Cahier de Missions et Charges des radiodiffusions sonores et télévisuelles au Burkina Faso

DECRET N° 95-306/PRES/PM/MCC PORTANT CAHIER DES MISSIONS ET CHARGES DES RADIODIFFUSIONS SONORES ET TELEVISUELLES PRIVEES AU BURKINA FASO

LE PRESIDENT DU FASO PRESIDENT DU CONSEIL DES MINISTRES

Vu la Constitution ; Vu le Décret n° 95-121/PRES/PM du 20 mars 1994, portant nomination du Premier Ministre Vu le Décret n° 95-226/PRES/PM du 11 juin 1995, portant composition du Gouvernement du Burkina Faso ; Vu le décret n° 95-278/PRES/PM du 14 juillet 1995, portant attribution des membres du Gouvernement ; Vu la loi 56-93/ADP/ du 30 décembre 1993 portant code de l’Information au Burkina Faso ; Vu le décret n° 95-304/PRES/PM/MCC du ler Août 1995, portant création, composition, attribution et fonctionnement du Conseil Supérieur de l’information. Le Conseil des ministres, entendu en sa séance du 26 juillet 1995

DECRETE :

Obligations générales Des programmes De l’identification des stations de radiodiffusion sonore télévisuelle Du financement des sociétés de radiodiffusion sonore ou télévisuelle De la transparence et du pluralisme Obligations relatives à la publicité De la diffusion des messages publicitaires Sanctions Dispositions transitoires et finales

Chapitre 1 : Obligations générales

Article 1er : L’exploitation des stations privées de radiodiffusion sonore ou télévisuelle est libre.
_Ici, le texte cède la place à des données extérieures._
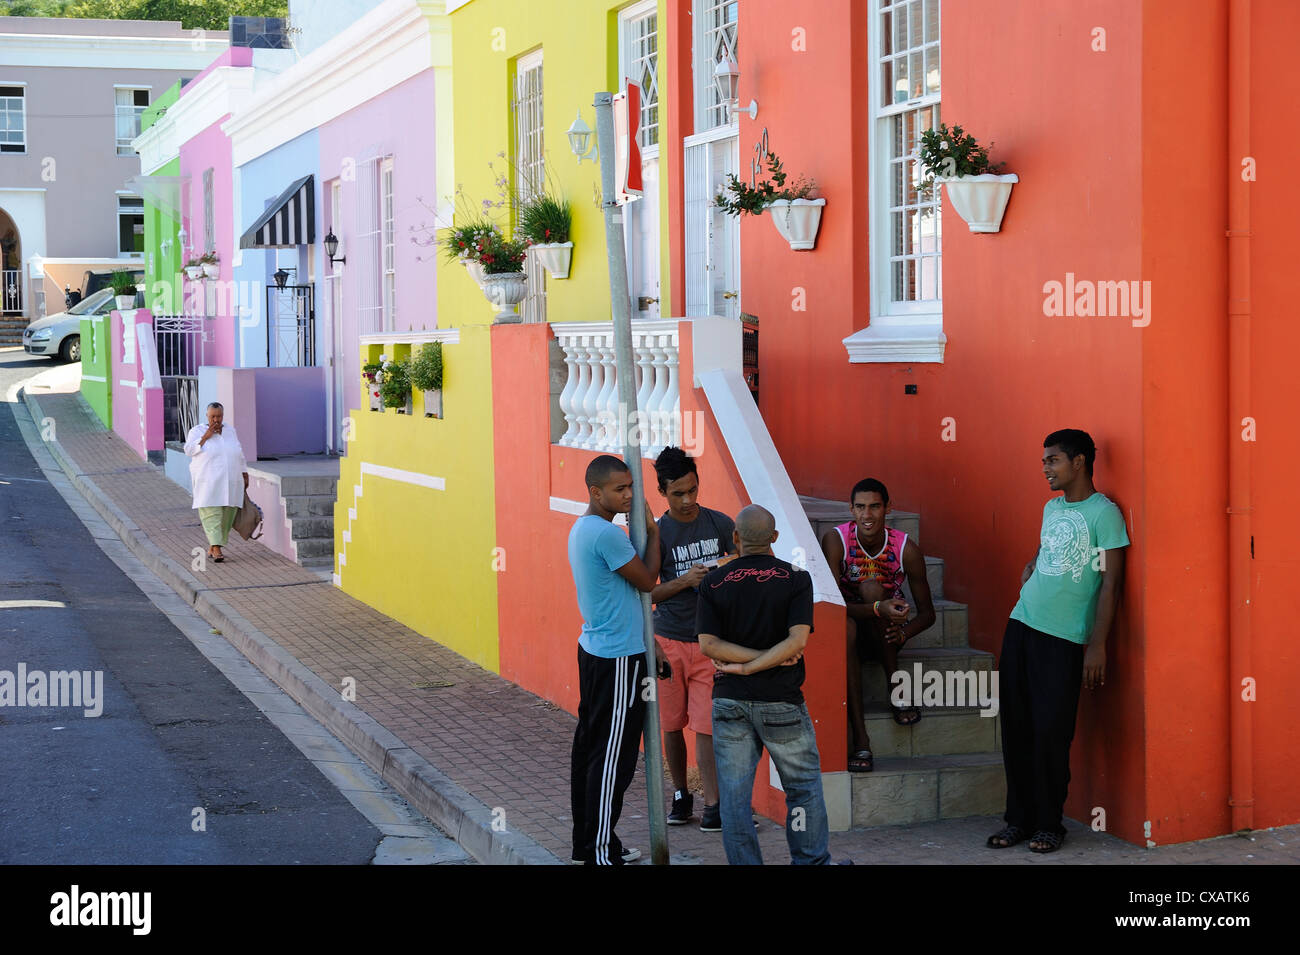 Colourful houses, Bo-Cape area, Malay inhabitants, Cape Town, South Africa, Africa Stock Photo

Cette liberté s’exerce selon les conditions techniques de jouissance fixées par les institutions nationales en matière de télécommunications et dans la limite des fréquences disponibles. Ces conditions techniques concernent notamment :
- les caractéristiques des signaux émis et des équipements de diffusion utilisés ;
- le lieu d’émission ;
- la limite supérieure de puissance apparente rayonnée ;
- la protection contre la gêne causée aux autres techniques de télécommunication du fait des interférences.

Article 2 : Une licence d’exploitation est délivrée par le ministère chargé de l’information pour une durée de trois (3) ans renouvelable. Le renouvellement de la licence d’exploitation est demandé trois (3) mois avant l’expiration de la durée autorisée.
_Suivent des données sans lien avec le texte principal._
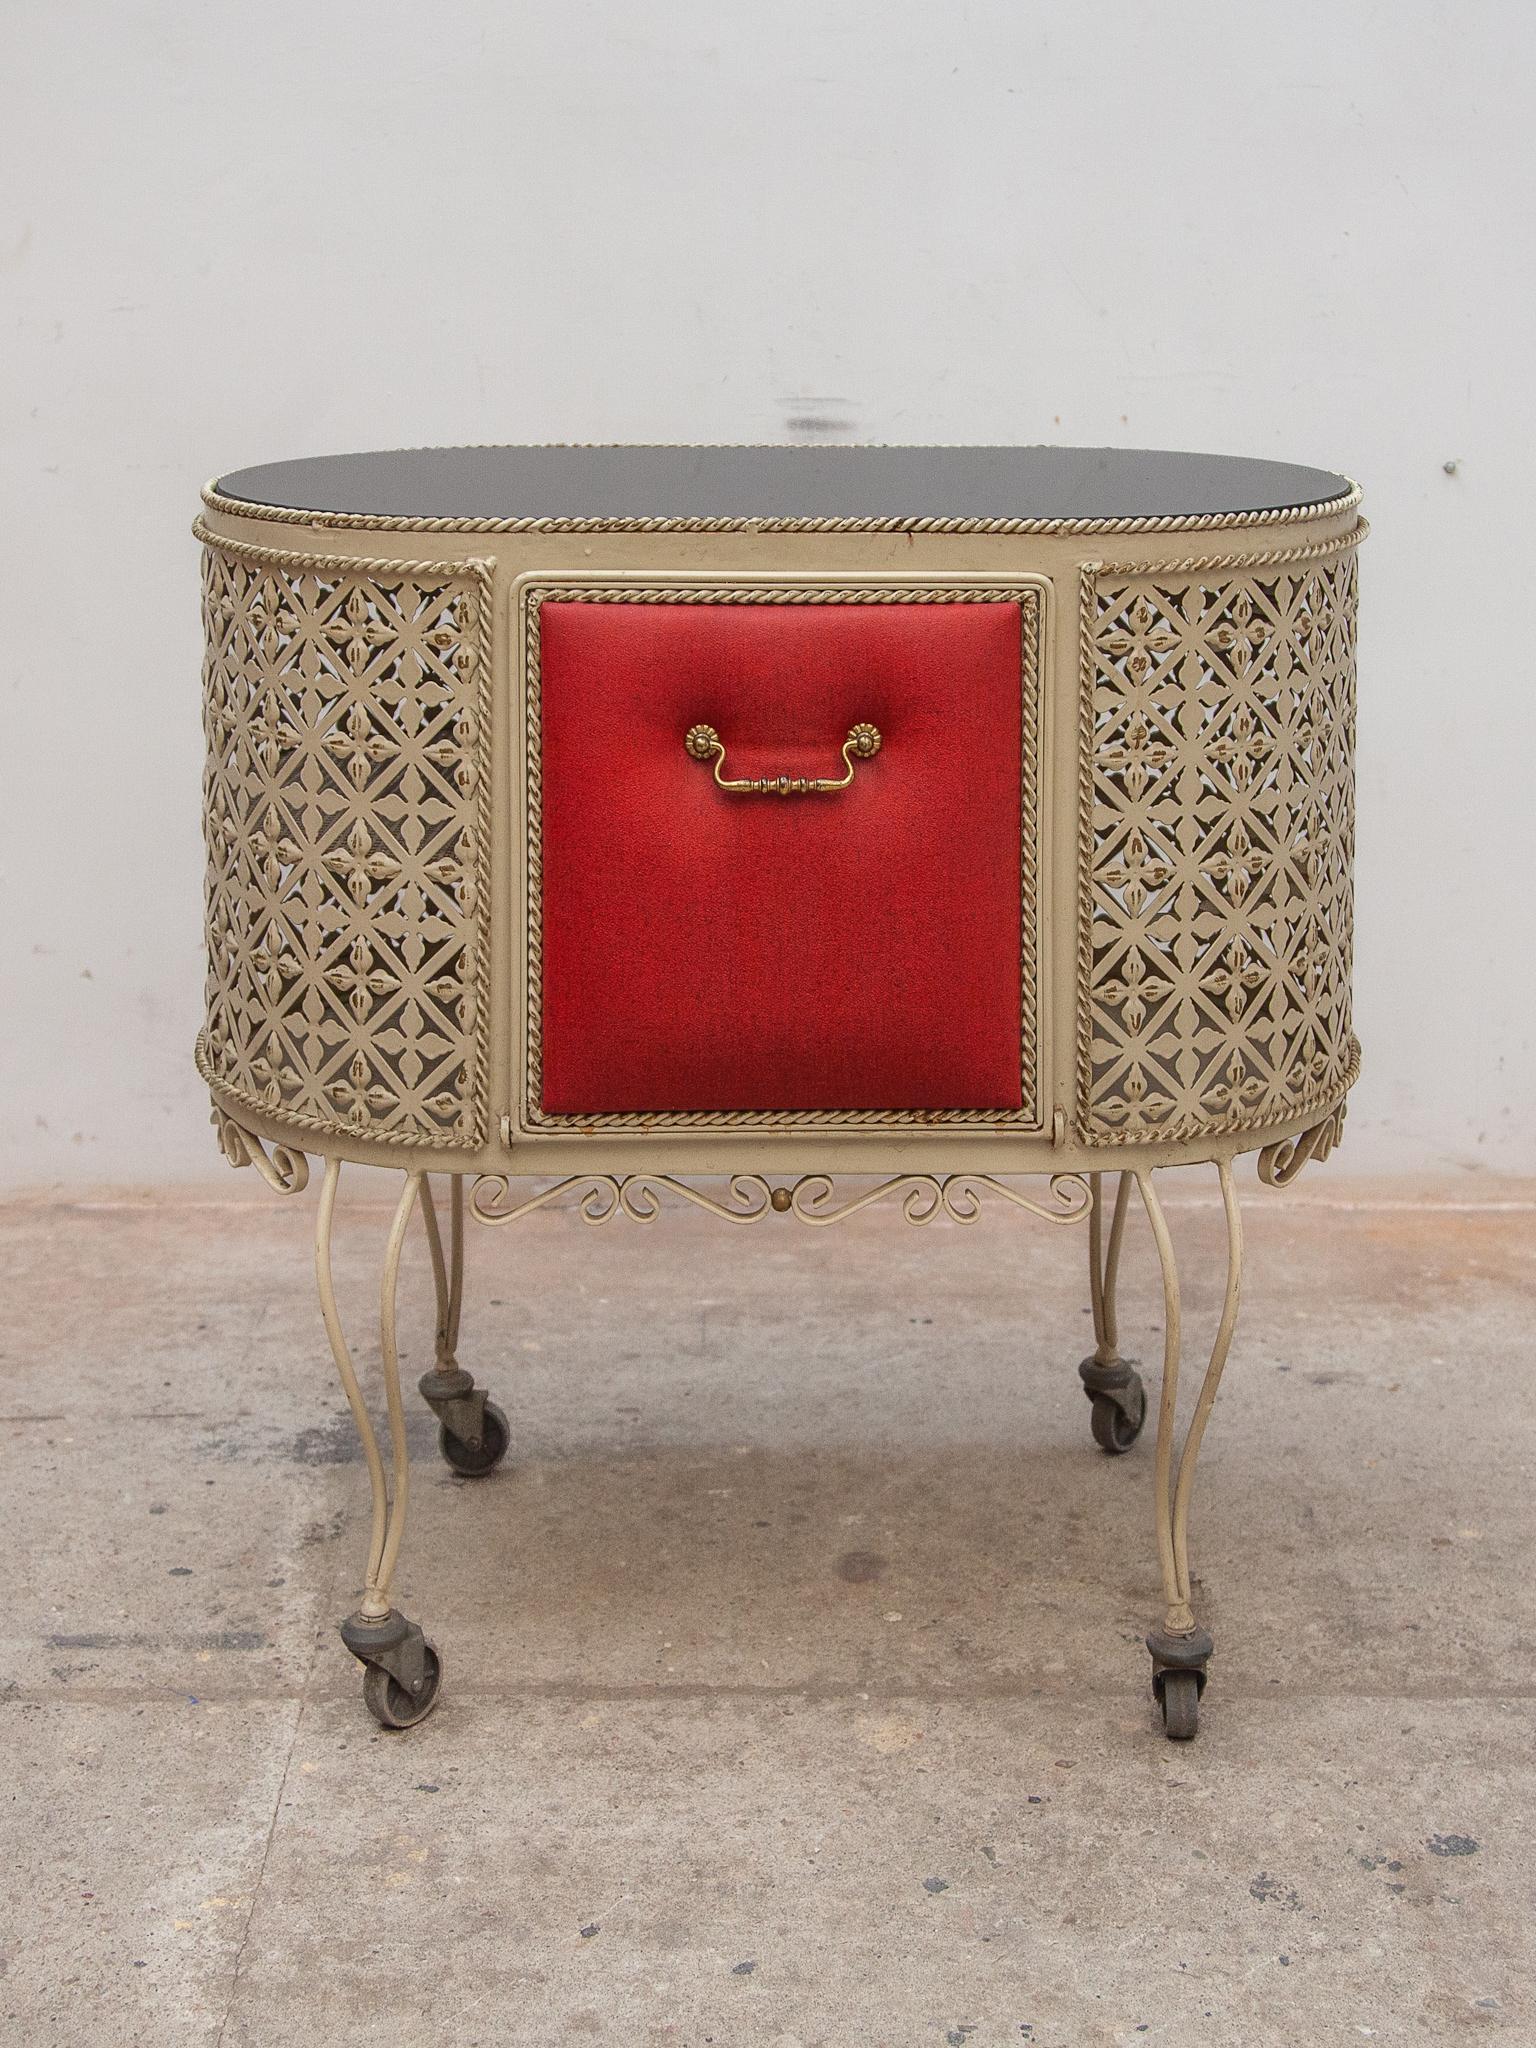 Rare vintage French oval perforated bar cart, trolley or drinks cart in the style of Mathieu Mategot, 1950s, consists of perforated white coated metal with a black glass top and the door covered with a red faux leather accent. In original, good

Article 3 : Une station de radiodiffusion sonore Ou télévisuelle dans le sens du présent décret est celle qui permet la mise à la disposition du public ou d’une catégorie de public par un procédé de télécommunication de sons, d’images et de son ou des messages de toute nature qui n’ont pas le caractère d’une simple correspondance privée.
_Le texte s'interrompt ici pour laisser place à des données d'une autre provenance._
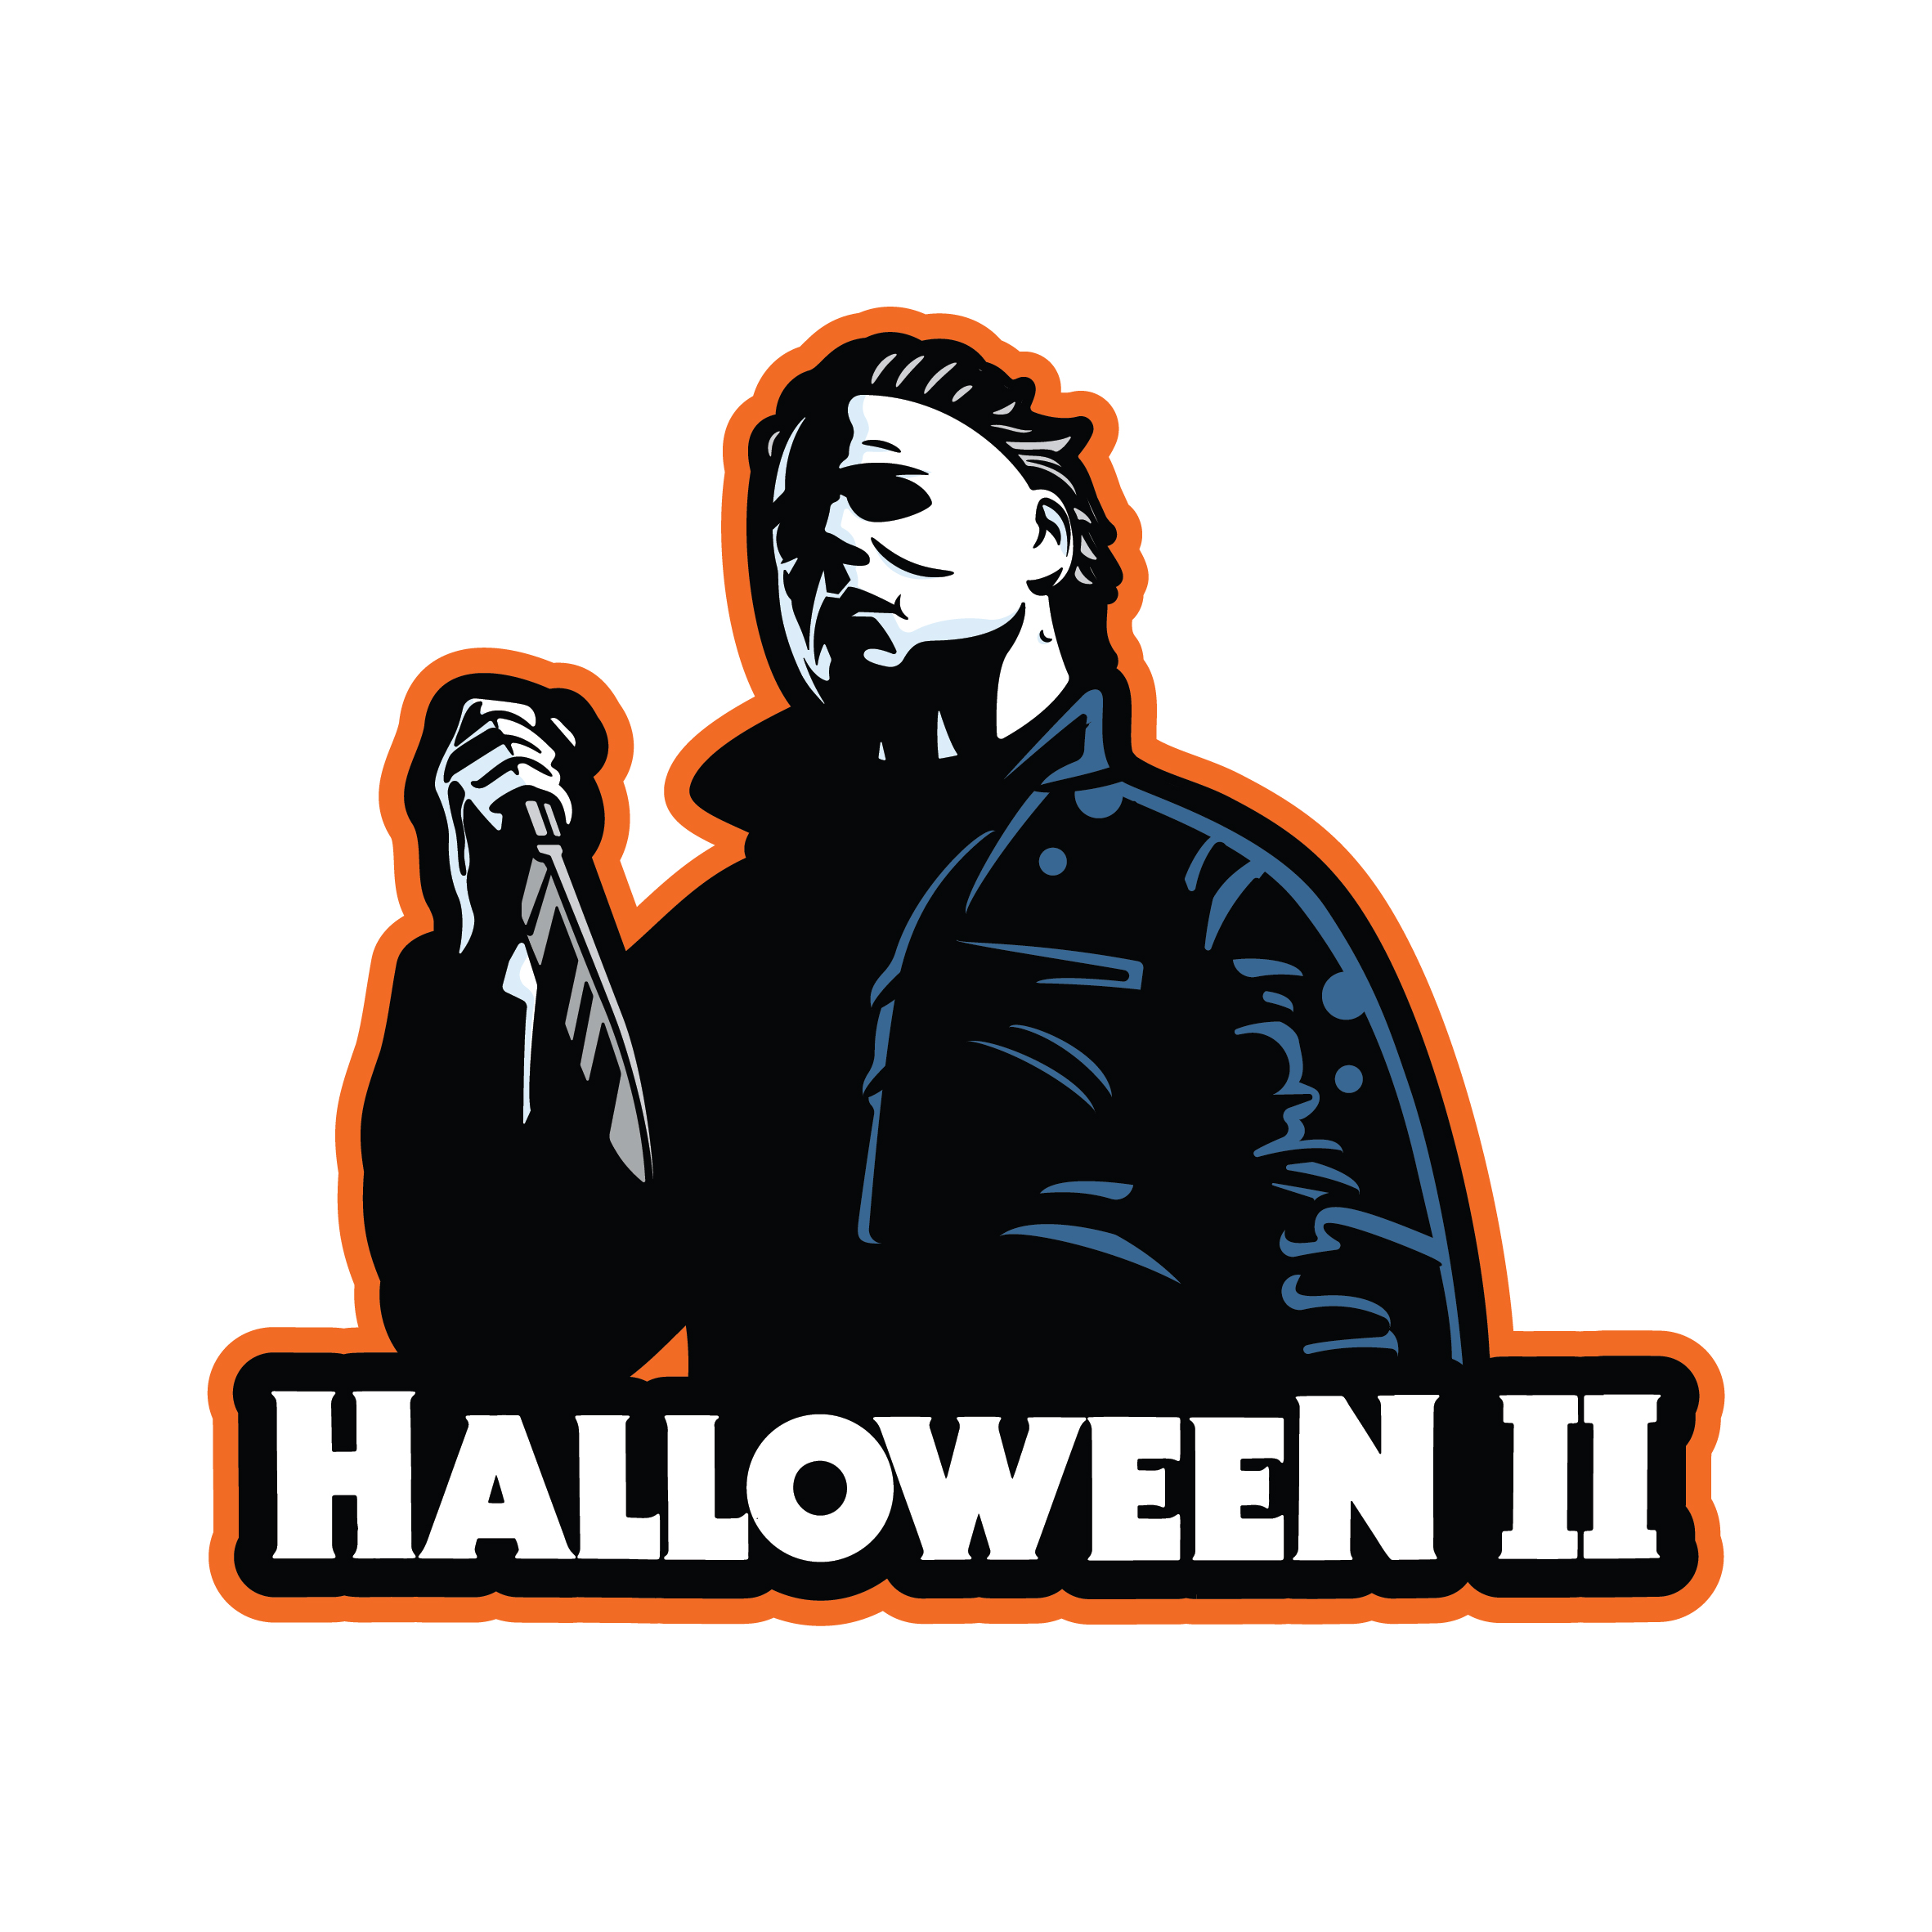 Halloween II logo design by logo designer Tortoiseshell Black for your inspiration and for the worlds largest logo competition

Article 4 : Est privée la société de radiodiffusion sonore ou télévisuelle dont le capital est détenu par des personnes physiques ou morales du secteur privé.

Article 5 : Est à rayonnement national la station de radiodiffusion sonore ou télévisuelle dont les émissions sont reçues sur tout le territoire national. Est rayonnement régional la station dont les émissions couvrent un rayon de 100 kms au plus. Est rayonnement local la station dont les émissions sont limitées à un rayon de 30 kms.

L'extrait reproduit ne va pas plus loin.